3. The significance and focus of the title, its application to Dr. Ferguson, to the President, to the Republic?

4. What was communicated during the opening sequence: Americans in Latin America, Latin American visitors with the more detached look? The focus on President Farrago, the violence erupting, the potential for danger and the Americans' need for escape? How did this summarise what was to happen?

5. The sinister significance of the phone call from the Colonel, Dr. Ferguson's decision to ignore it, the road block and their being kidnapped, the train trip and the puzzle about what was to happen, Dr. Ferguson and his wife having to cope?

6. The President's wife meeting them and explaining the situation? The audience also understanding? However, the Fergusons virtually imprisoned in the palace? The persuasion about the operation? What convinced the doctor to do the operation? Did he really have any choice?

7. Jose Ferrer's characterisation of the President - as a man, his illness? His rise to power in the Republic, his theories about civil war, violence, that the people were ignorant and need leaders like him? His attitude towards life and the importance of the operation? His pressurising the doctor, the antagonism towards the doctor and yet his explaining himself to him? The atmosphere of fear and his not being able to go outside the palace, the security risks against his life? How interesting and accurate a portrait of a Latin American President and the atmosphere in which he ruled and lived?

8. How well did the film sketch in the background of the civil war, the President's explanation, his advisers and their discussions, the atmosphere of revolution in the city and its outbreak?

9. Cary Grant and his style in presenting Dr Ferguson? The American, skills and poise? His summing up the situation, his assessment of the pressures? His decision? Training his attendants, the importance of the rehearsal and its atmosphere with the President and his attendants looking on? Dr Ferguson's co-operation with the local physician?

10. The film using Helen for audience identification - her fears, powerlessness to do anything, watching the riots and her fears, the incident in the cafe, her leaving, the fact that she could be taken for a hostage? (and the importance of Dr Ferguson not knowing this about his wife?)

11. The group of revolutionaries portrayed in the cafe, their admiration for Ferguson's stand, yet their decision to kidnap his wife, the message, the decision as to who would take it, the man disguised as a friar? The irony of the message not getting through? Were the causes of the revolutionaries made clear - in view of the ending, did this matter?

12. The American oil man and the indication of the American business presence. his helping Ferguson, taking him to the cafe and the discovery of Helen's kidnapping?

13. How important dramatically was the interaction of doctor and President, the national points of view, political points of view, principles? Power of life and death? Domination?

14. The build-up to the operation, the style in which it was filmed to show the dangers, the length of time? The doctors reaction? The President's reaction and forgetting his illness? The revolutionary's advising the doctor to kill the President? The inevitability of the President's power killing him? The melodrama of his death and his attempt to shoot the doctor?
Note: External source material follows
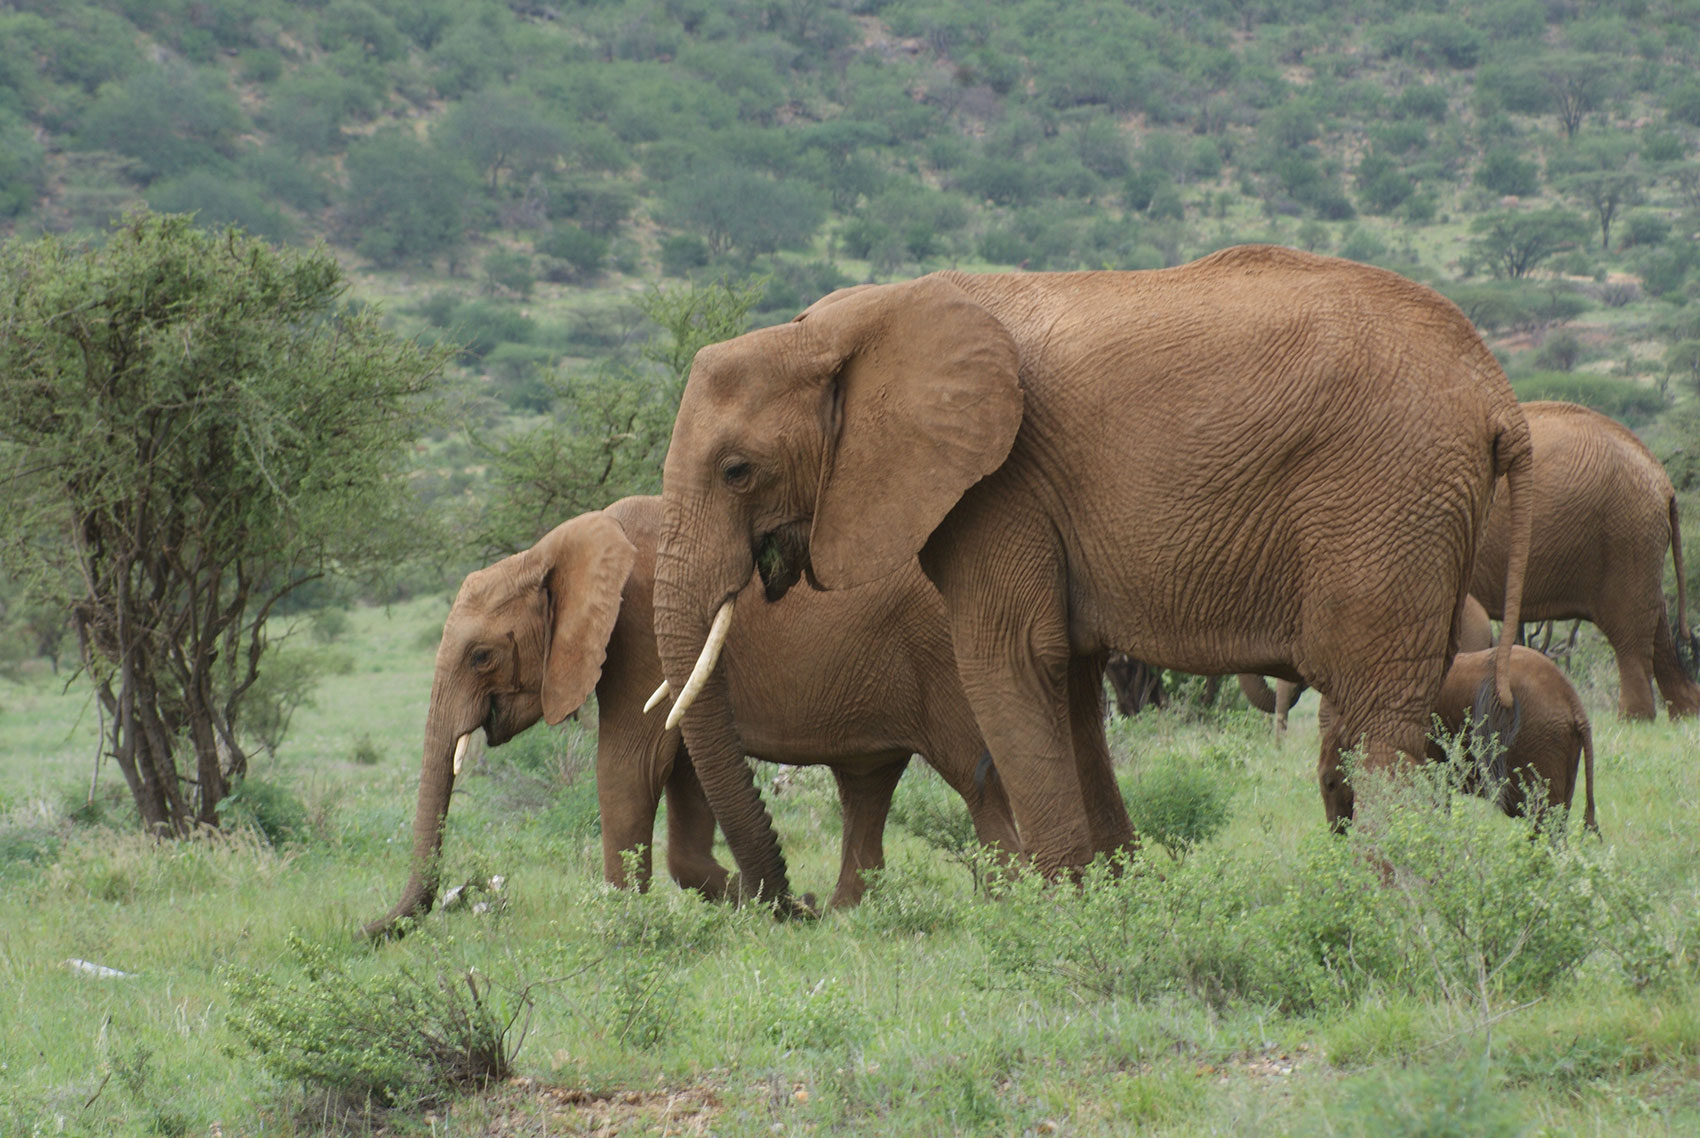 Elepehants on African Safari

15. The atmosphere of the revolution, the town square, the siege of the palace and his repeating virtually what Farrago had said? The irony of his being shot and the same request for the doctor to save his life? The ironic political comment of this ending?

16. How satisfying a blend of melodrama and political themes? How convincing was the material on freedom? The contrast with Americans and Latin Americans? An interesting political and human story?